I hope this -- now labelled "young adult" -- version hasn't been watered down from the 1999 edition. I read mine again every year or so -- it's that interesting and that deeply detailed, and the pictures are wonderful. The adaptations of bees to their environments -- or perhaps the ability of bees to construct their larvae's environments by drilling, cutting, and complex building techniques-- were a revelation to me 10 years ago and still are.It's a sad commentary on the publisher that, as an eagle-eyed reviewer detected, the cover picture certainly does seem to feature a fly -- a bee-imitating fly but a fly nonetheless. Perhaps this is why clicking on the cover to "look inside" (and try to get a better look at the cover insect) brings up the wonderful picture from the older edition rather than that from the new -- a cluster of bees (a 'lek') putting themselves to be on the disk of a sunflower. Just one of the fascinating aspects of bee behaviour the book tells about.A great companion to Gary Nabhan and Stephen Buchmann's "Forgotten Pollinators" and a must pair for plant lovers who ask "what's happening" while watching wild and garden plants.

I like this book a fair amount. It's an overview of the bees of the world, with good no nonsense information about miners, masons, carpenters, and so on as well as the more social bees. I especially loved their effective use of diagrams for the shapes of various bees' nests.The thing I didn't like was their intrusive and oftentimes nonsensical (and certainly slavish) adherence to the nonsensical notion that the natural world is based on strict competition.
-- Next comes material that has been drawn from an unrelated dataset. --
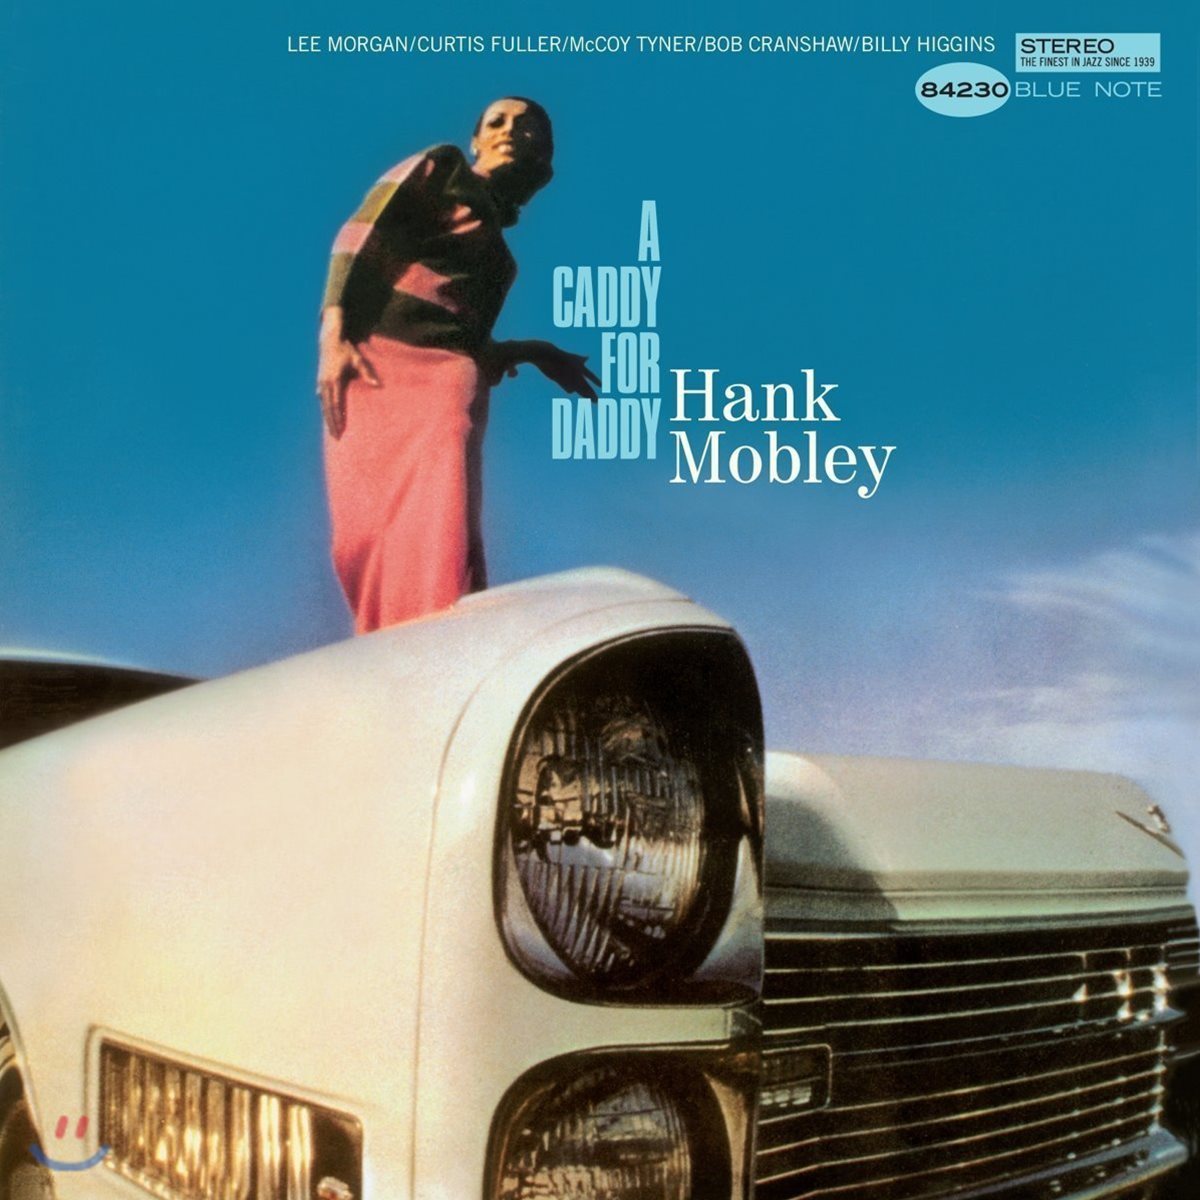 Hank Mobley (행크 모블리) - A Caddy For Daddy [LP]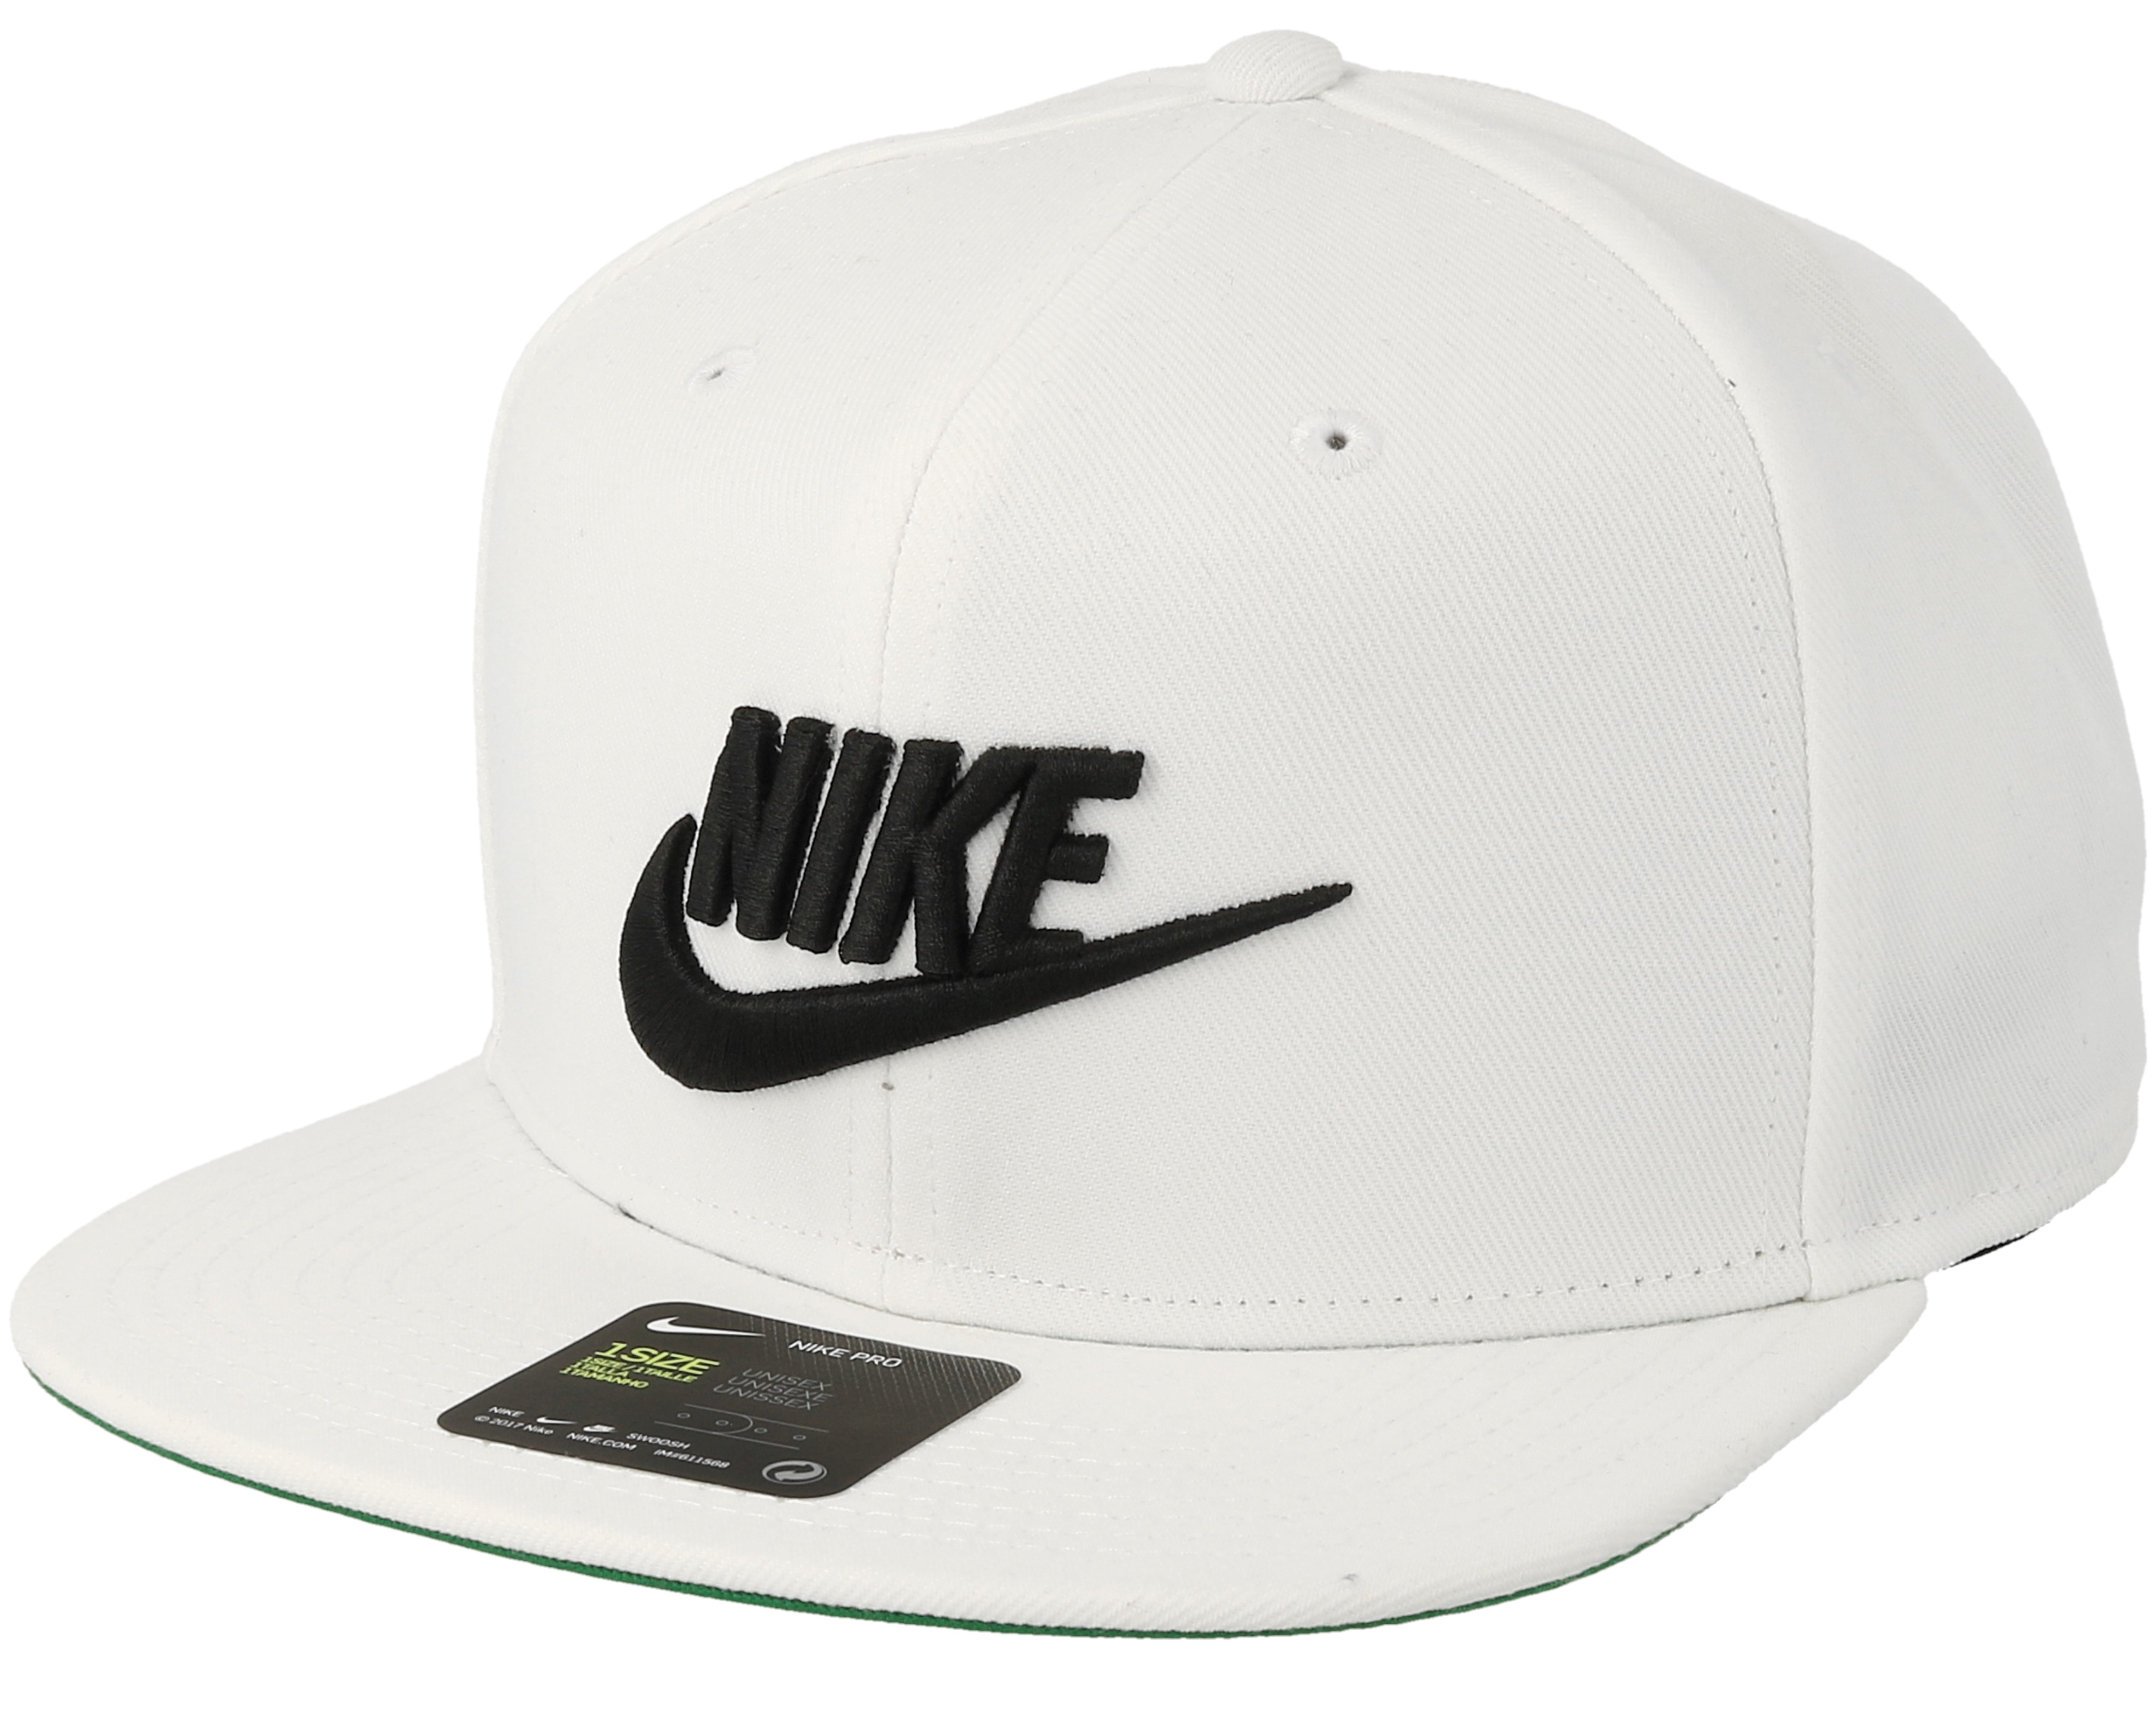 True future. Снэпбэк Nike. Nike Snapback белая. White Nike cap. White cap by Nike.

They bend over backwards to try to show that the activities of all bees are based on competition, and they strain to use crazy metaphors to support this view. Instead of perceiving bees and flowers as a wonderful example of the way that different members of natural communities work together for the benefit of the larger community, they actually resort to citing Adam Smith and The Wealth of Nations as bee/plant interactions being a form of selfish capitalism!!![.] It's nonsense.One other problem, and this is one reason I hate science. I'll just give a quote. Speaking of a bee being driven to extinction by logging, they say, "Recent reports of forestry activities on Bacan give rise to concern that the bee might become extinct before yielding up the secrets of its biology." If the authors weren't "free market scientists" they would be ashamed of this statement. It implies: Who cares if the creature goes extinct for its own sake? We just need to mine the knowledge before it does.Once again, all this said, the book does provide some good information.